SUPPLIED MATERIAL >>
......

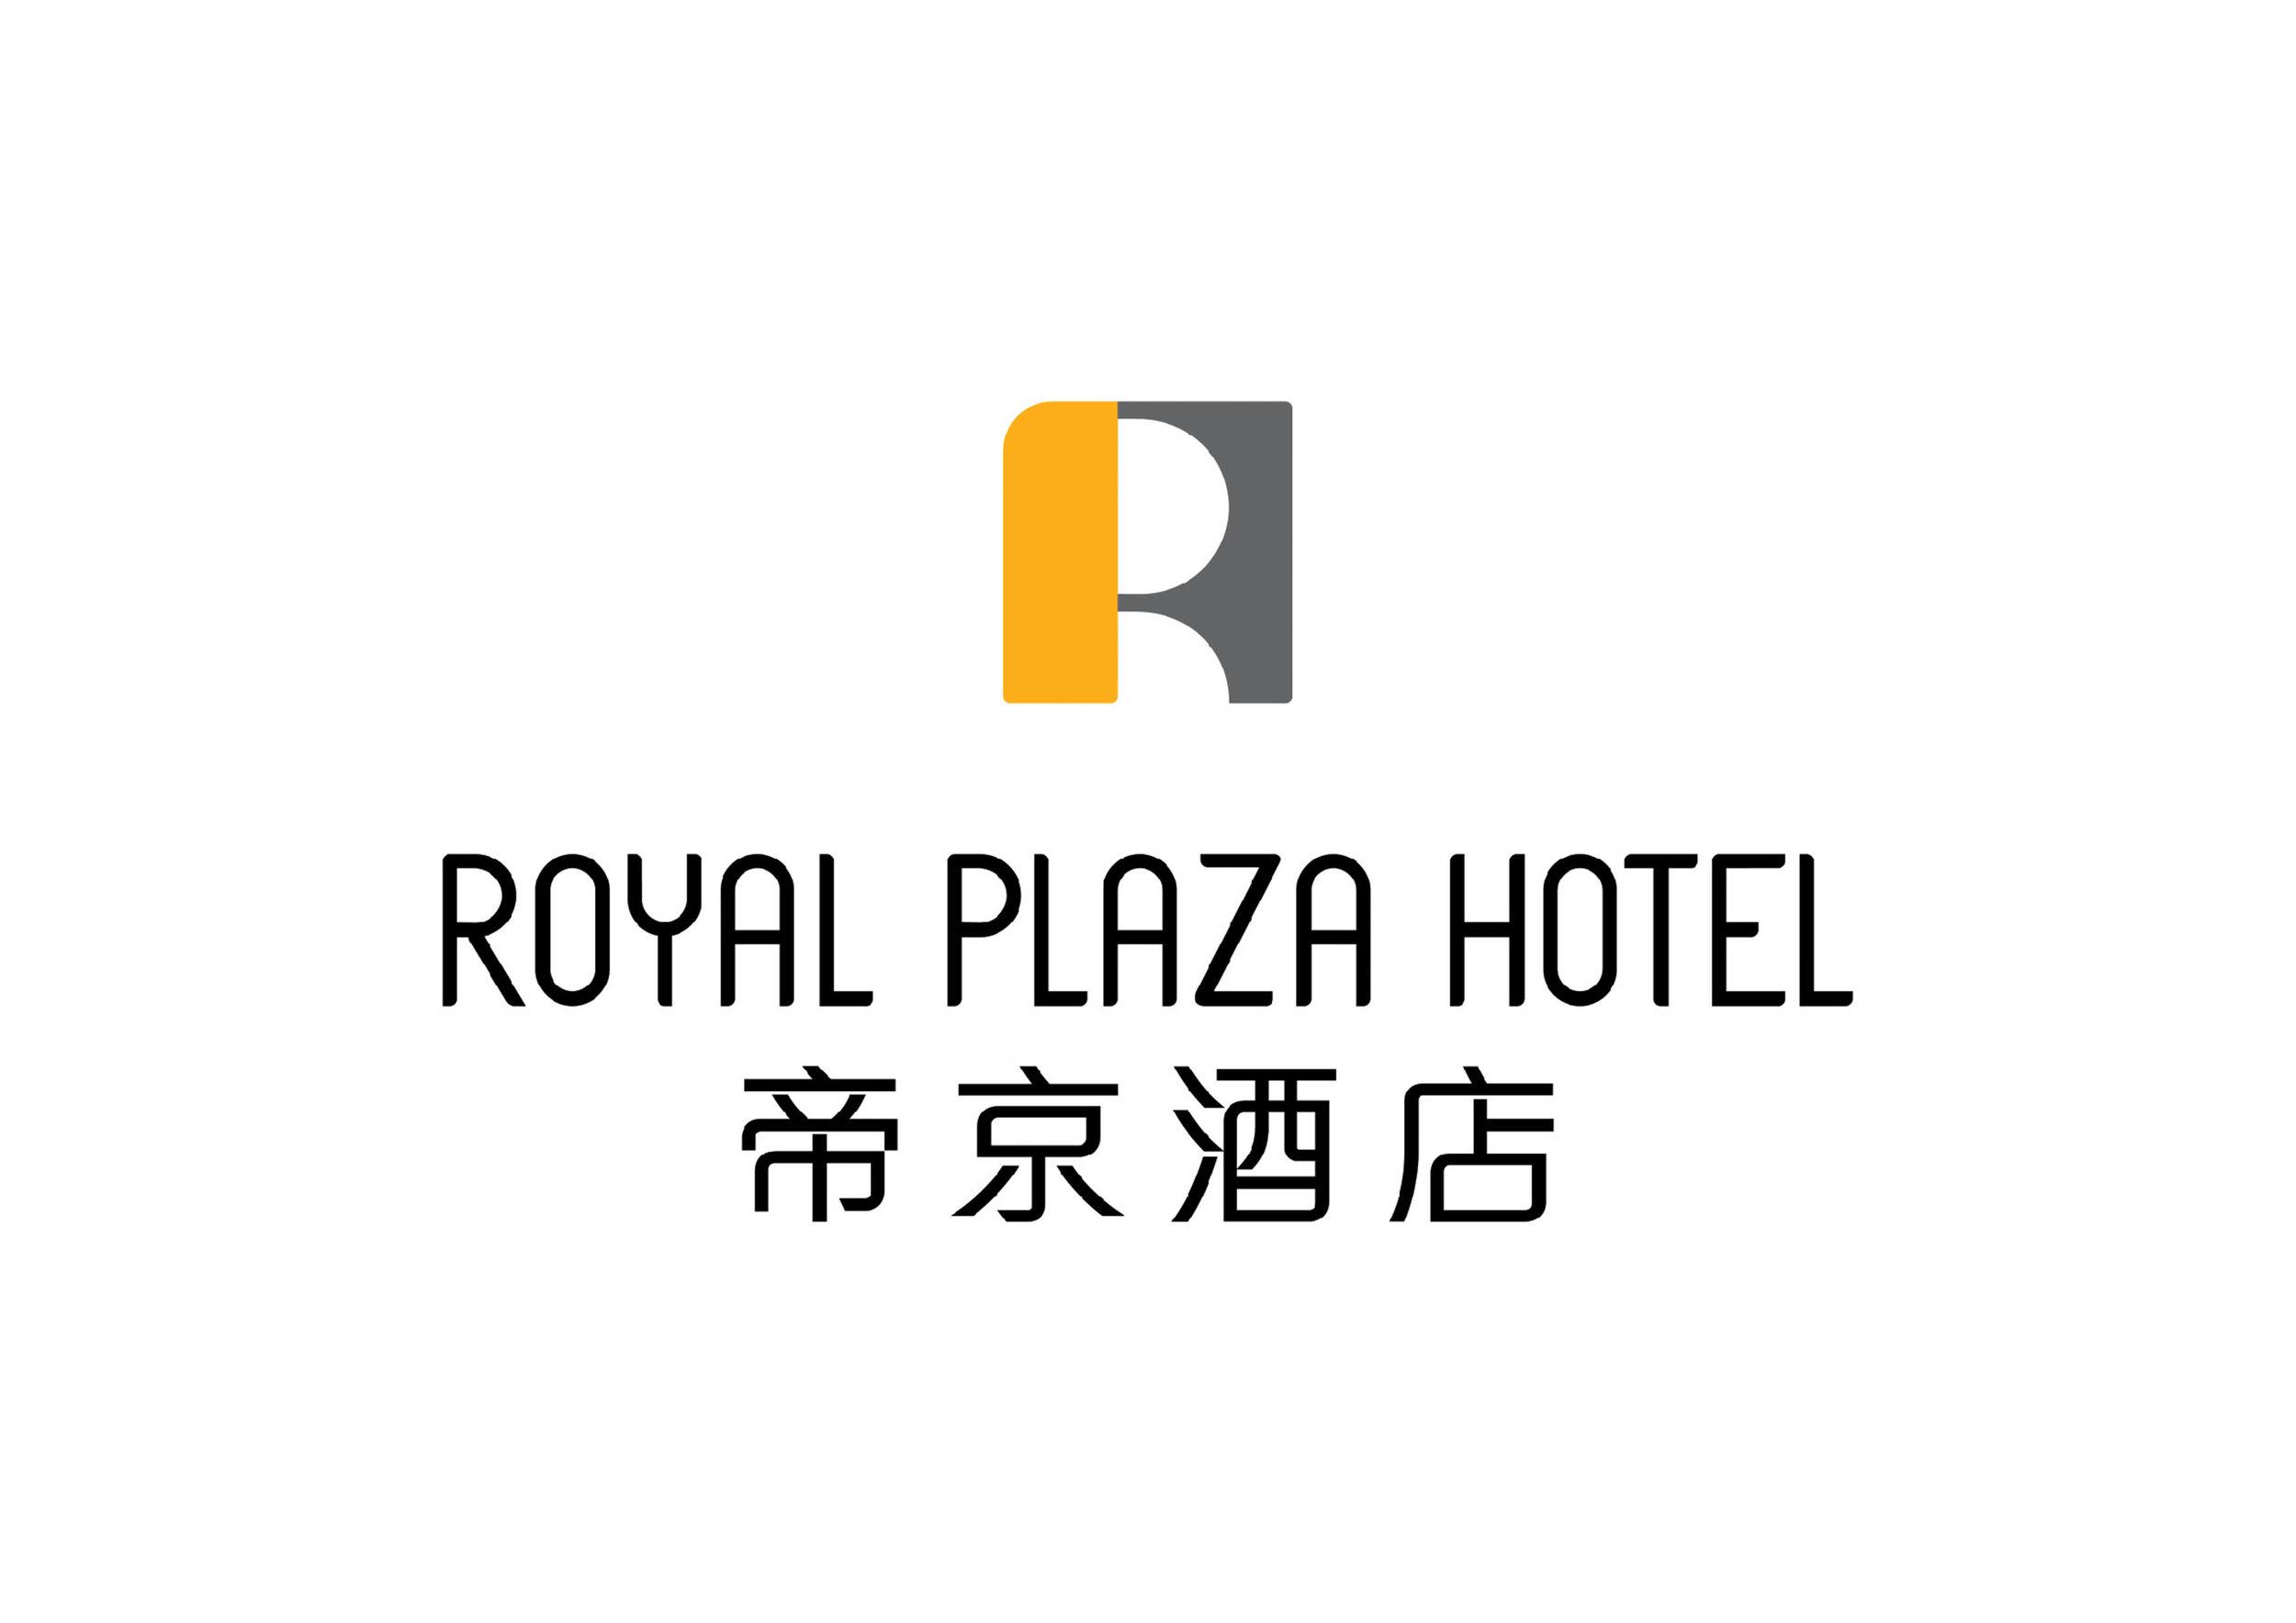 Royal Plaza Hotel.jpg
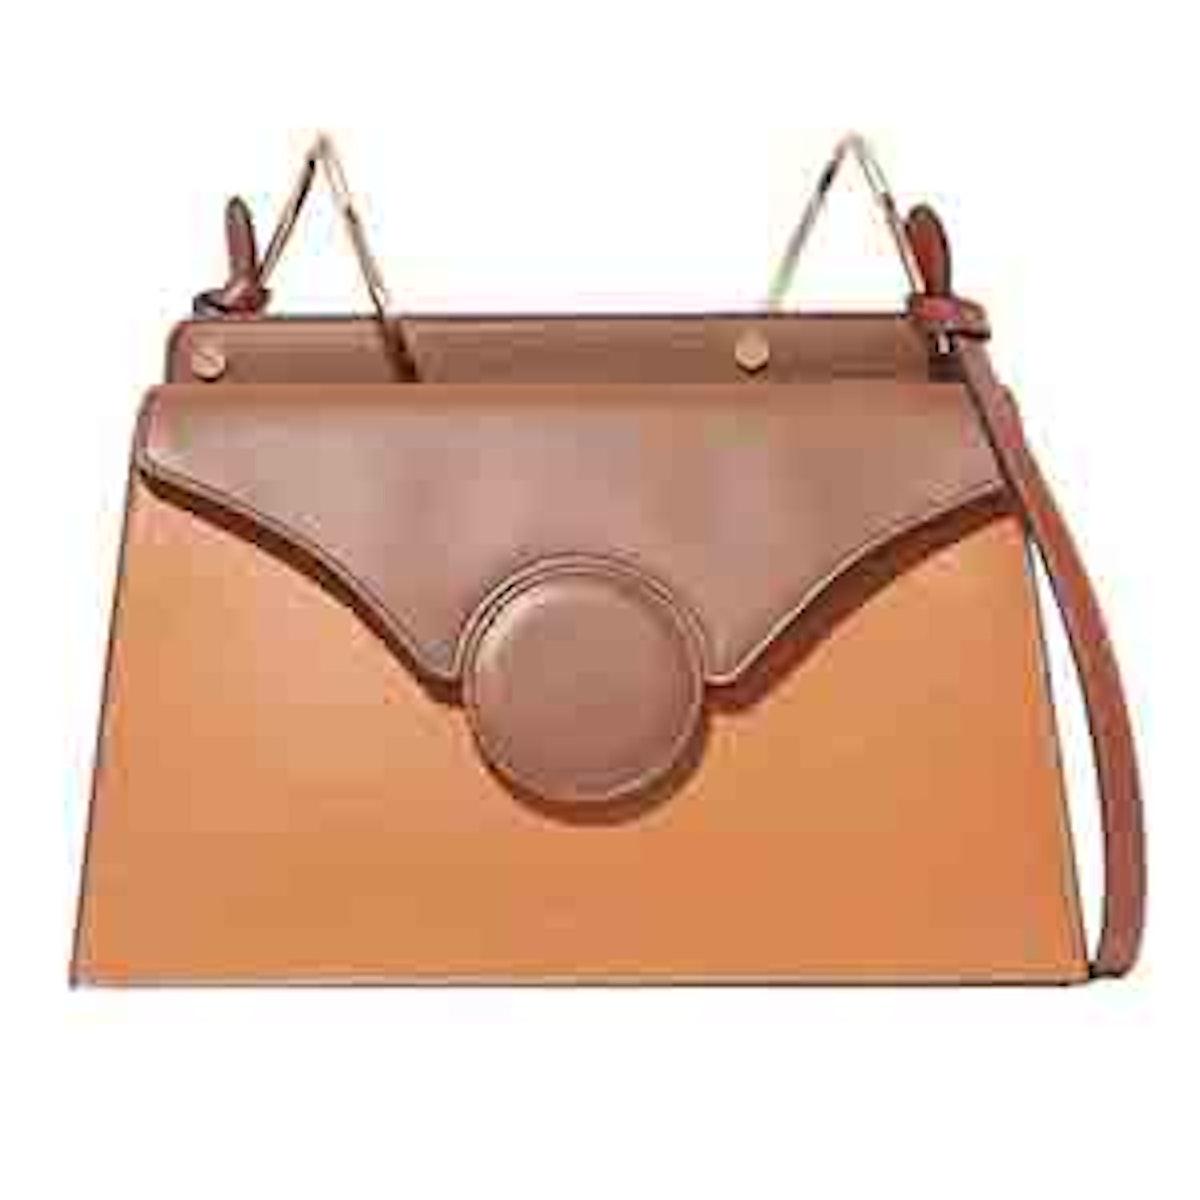 Phoebe Two-Tone Leather Shoulder Bag
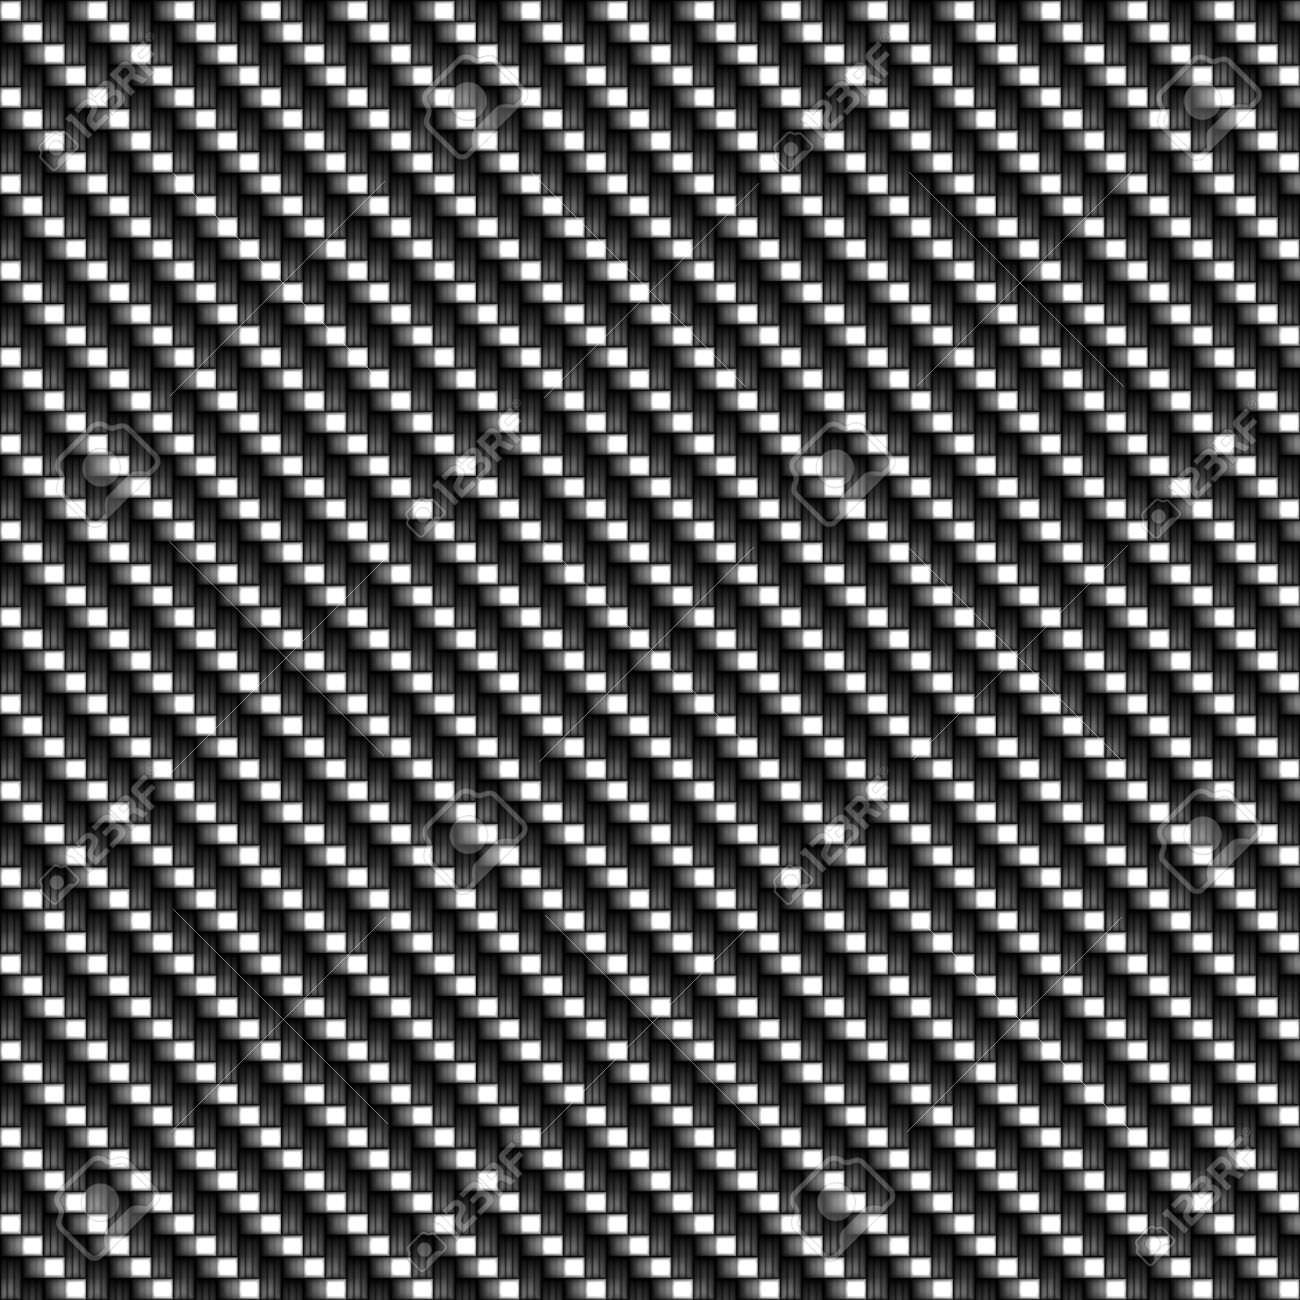 realisti carbon fibertexture
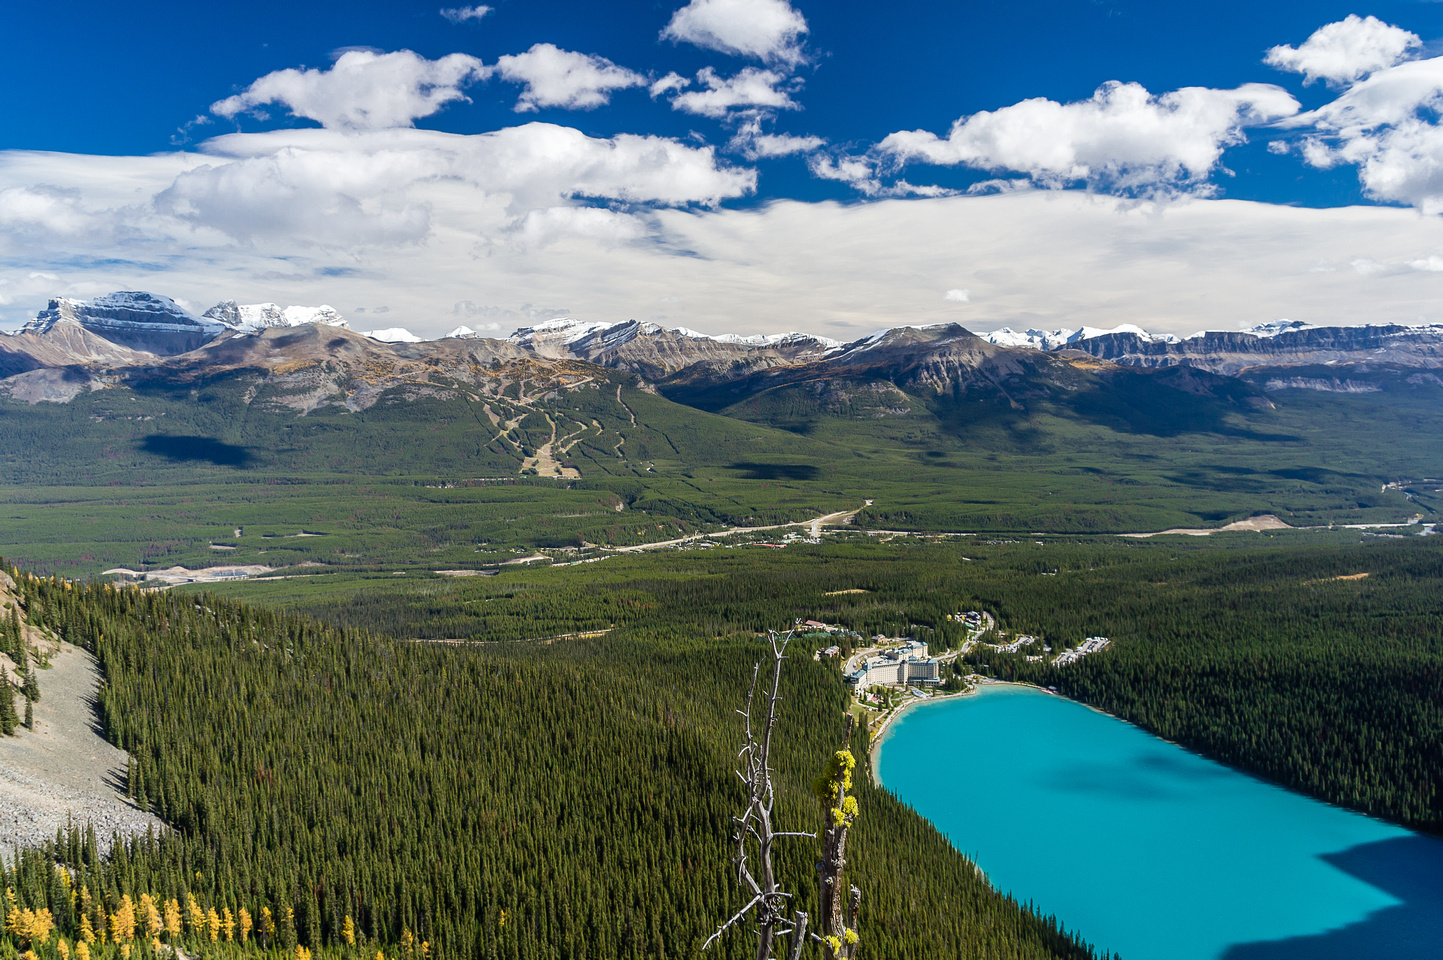 The Lake Louise ski resort lies across the TCH.

......

Set the material above down again word for word. Include none of its pictures.

WRITTEN SOLUTION >>
 Royal Plaza Hotel.jpg
 Phoebe Two-Tone Leather Shoulder Bag
 realisti carbon fibertexture
 The Lake Louise ski resort lies across the TCH.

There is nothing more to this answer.